In order to construct phylogenetic trees, we make comparisons between sets of genes belonging to different taxa. We are working under the assumption that the taxa we are studying are related by evolution. Therefore, we need to ensure that the genes we use to construct our trees are orthologous - that is, they have evolved through speciation events, from a common ancestor.
OMA Groups are groups of sequences that are all orthologous to one another, and can be found in the OMA Browser. See the OMA Group module for more details.
2. Which major clades are these groups from?
3. What is the description / function of each of the groups?
4. How many sequences are there in each orthologous group?
In order to construct phylogenetic trees, we must first align the sequences. This allows us to compare sequences site by site. There are a multitude of Multiple Sequence Alignment (MSA) tools available, many of which can be found on the EBI website here.
1. Use an online sequence aligner to align the sequences. Which output format should you choose?
2. Construct a phylogenetic tree using your aligned sequences. Tools can be found on the Vital-IT website (RAxML BlackBox - this could take between 10 minutes to over an hour, depending on the Group and model!) or on the EBI website Simple Phylogeny [ClustalW2] - try building two trees by using both UPGMA and NJ clustering methods in the clustering options).
Alternatively, you can try the alignment and tree inference tools available online at www.phylogeny.fr (in particular PhyML) or an IQTree webserver here, as an alternative to RAxML if the queue is too long at Vital-IT.
3. Why are RAxML and other likelihood methods much slower than the clustering methods?
4. Which group do you think will take the longest to compute a tree for, using RAxML? Which do you think will be the quickest?
Now that we have our trees, we would like to visualise and compare them. Unfortunately, the output format (Newick) isn't particularly conducive to interpreting trees. Thankfully, there are online viewers such as phylo.io to help us.

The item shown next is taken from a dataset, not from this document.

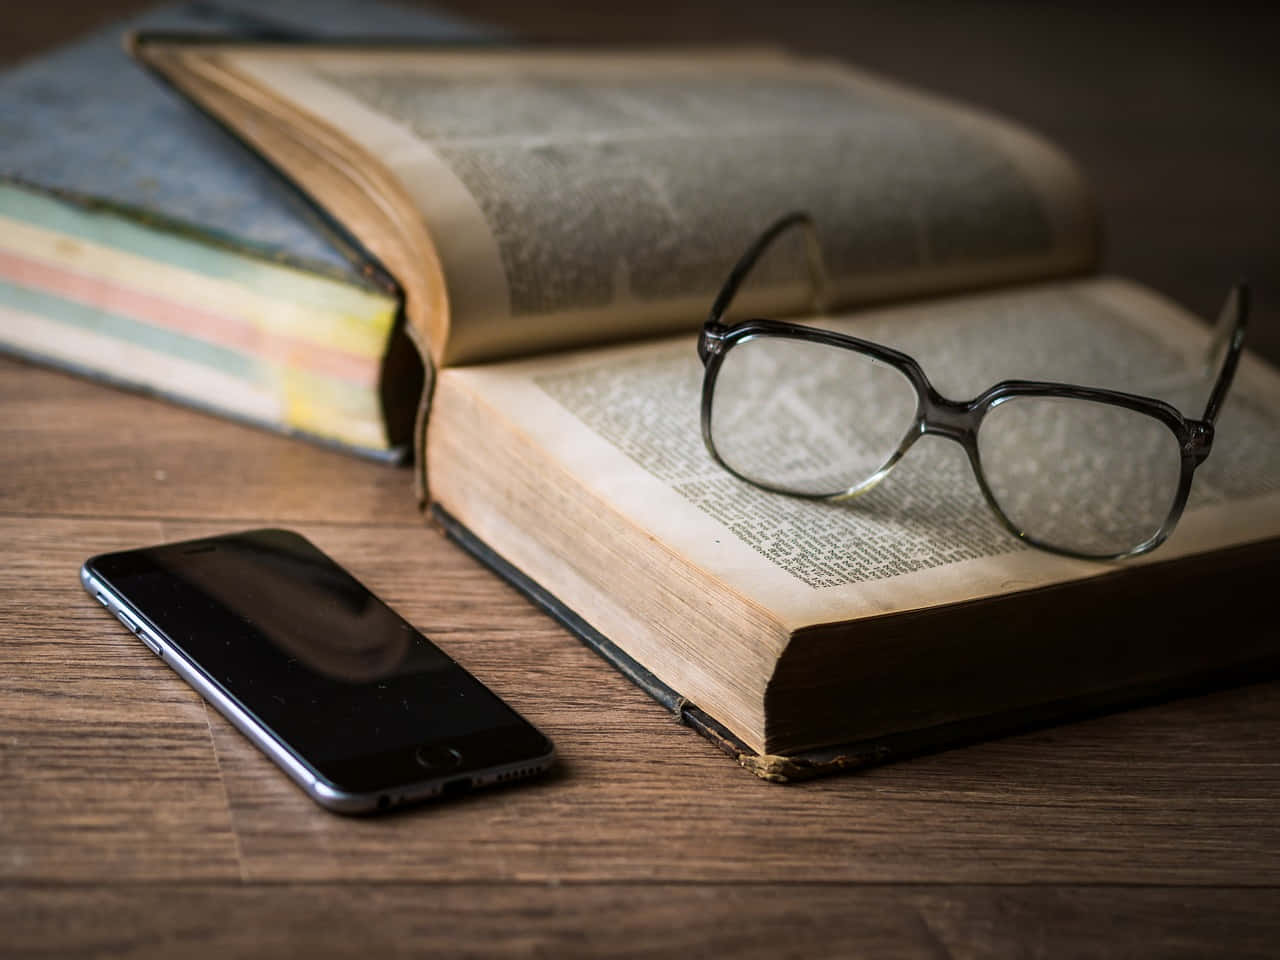 A Book, Glasses, And A Phone On A Wooden Table

1. View the trees that you have built using an online tree visualisation tool.
2. Reroot the trees, and swap branches, to make comparisons easier.
3. Which species, in group 197280, shares a most recent common ancestor with Trametes versicolor?
4. Which species is most closely related to Mucor circinelloides in group 807295?
5. Can you see any difference between trees estimated using different methods? For instance, which species are grouped differently when comparing the trees found by the UPGMA and NJ methods in group 197280?